春学期の木曜日の夜は手嶋龍一先生によるインテリジェンス・システム論
手嶋先生は元NHKワシントン支局長で、9.1110日間の連続報道で有名です。
最近は朝のワイドショーでもたまに見かけます。(あまり楽しそうでないですが)以下は昔の講演の案内。ジャーナリスト的な巧みな語りと各国との要人との高い視点はさすが、カミソリのような切れ味の講義です。

インテリジェンスとは周到な分析と、全体像・複雑なメカニズムを
ふまえたリーダーの意思決定のための情報です(ナレッジではない)。
企業でいうと他社の製品開発情報とか競合戦略の事前の察知があげられ、
最近ではサイバー攻撃の問題とリンクがありそうです。

インテリジェンスライフサイクルとは意思決定者(カスタマー)のRequirementに基づき、情報収集、情報分析、情報精査の後、カスタマーにインテリジェンス(戦略的判断材料)が提出され、さらに精査されたカスタマーのRequirementに基づき精選されたインテリジェンスを通じ決定的な決断を促しいく一連のサイクルを指します。授業ではキューバ危機、福島第一原発事故、尖閣問題、オサマ・ビンラディン殺害計画等の歴史上のイベントとワークショップを通して学びます。木曜日はPMIのスタディグループもあり、だいぶ休んでしまい残念。。

日本では、安倍内閣念願の国家安全保障会議(日本版NSC)が設立されそうです。テロや武力攻撃といった有事に際し、官邸主導で情報を集約し、総理、官房長官、外務大臣、防衛大臣の4人が基本メンバーとなり、迅速に対処することができることを意図していますが、インテリジェンスライフサイクルが基盤となります。

そのようなインテリジェンス組織は企業にもあり、コンペティティブインテリジェンスと呼ばれています。中国企業では7割を超えるとのこと。いつかそのような組織を設計・リードできるとよいと思っています。

2013年8月20日火曜日

マシュマロチャレンジ

SDMとは簡単に言うと、システム思考+デザイン思考+プロジェクトマネジメントです。SDMは大規模複雑なプロジェクトをデザインし、プロジェクトをマネージできるグローバル人材を慶應が創出するべく設立されたと元塾長の安西先生からきいています。確か、マスター1年は50人程度、ドクター1年は5人程度です。SDM学とは?システムエンジニアリングとの違いを学ぶ、イントロ的授業がSDM序論という講義。春学期は毎週土曜日の午前9時からありました。講義と言っても、ワークショップが中心の授業で、マシュマロチャレンジなどのグループワークを通して気付きを与える事が狙いです。

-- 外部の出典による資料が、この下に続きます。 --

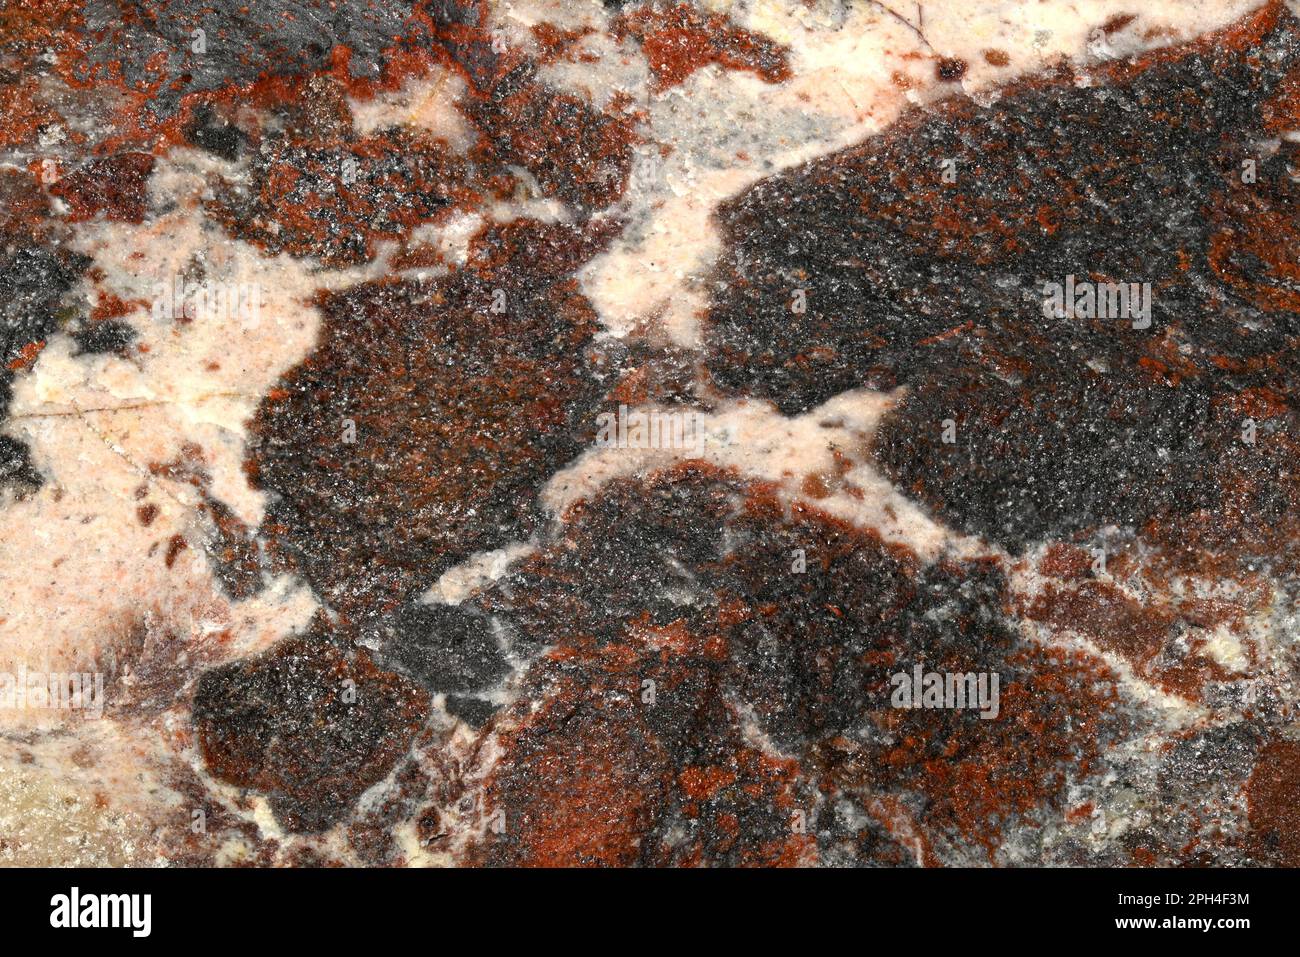 Breccia (South Africa) Sedimentary rock composed of broken fragments of minerals or rock cemented together by a fine-grained matrix. Closeup - image f Stock Photo

マシュマロチャレンジでは制限時間内でスパゲッティと紐で頂点にのせるマシュマロの高さを競います。設計が重要なのは、本職のプロジェクトマネージと一緒で、システムエンジニアリングにおけるVモデルの左上部、要求分析及び設計フェーズを6,7月にかけて学びます。また、1回目のチャレンジをLesson Learntにつなげ、Fail Firstで改善につなげる事も学びます。このマシュマロチャレンジ、各国でやられて統計も取られていて、成績が悪いのは自己完結型のPersonal Goalをもったメンバーが多かったMBAチームらしい。。また成功のインセンティブを与えると、メンバーが焦りすぎて平均成績は悪い結果になるとのこと。

以下はマシュマロチャレンジじゃなくて、その前にやった紙を使ったタワー作成。理系的な設計力が功を奏し、一応優勝(自己満足)。

SDM研究科は自由闊達なオープンUpを重んじているのはいいのですが、理論物理をやっていた(四苦八苦していた)私からするともっと、学問・研究体系に深みをもたせ、グループワークの後にプロや教員の目からみた講評があると学生的にしっくりきます。が、過去にとらわれてせっかくの学びを制限しないように注意しなくてはいけませんね。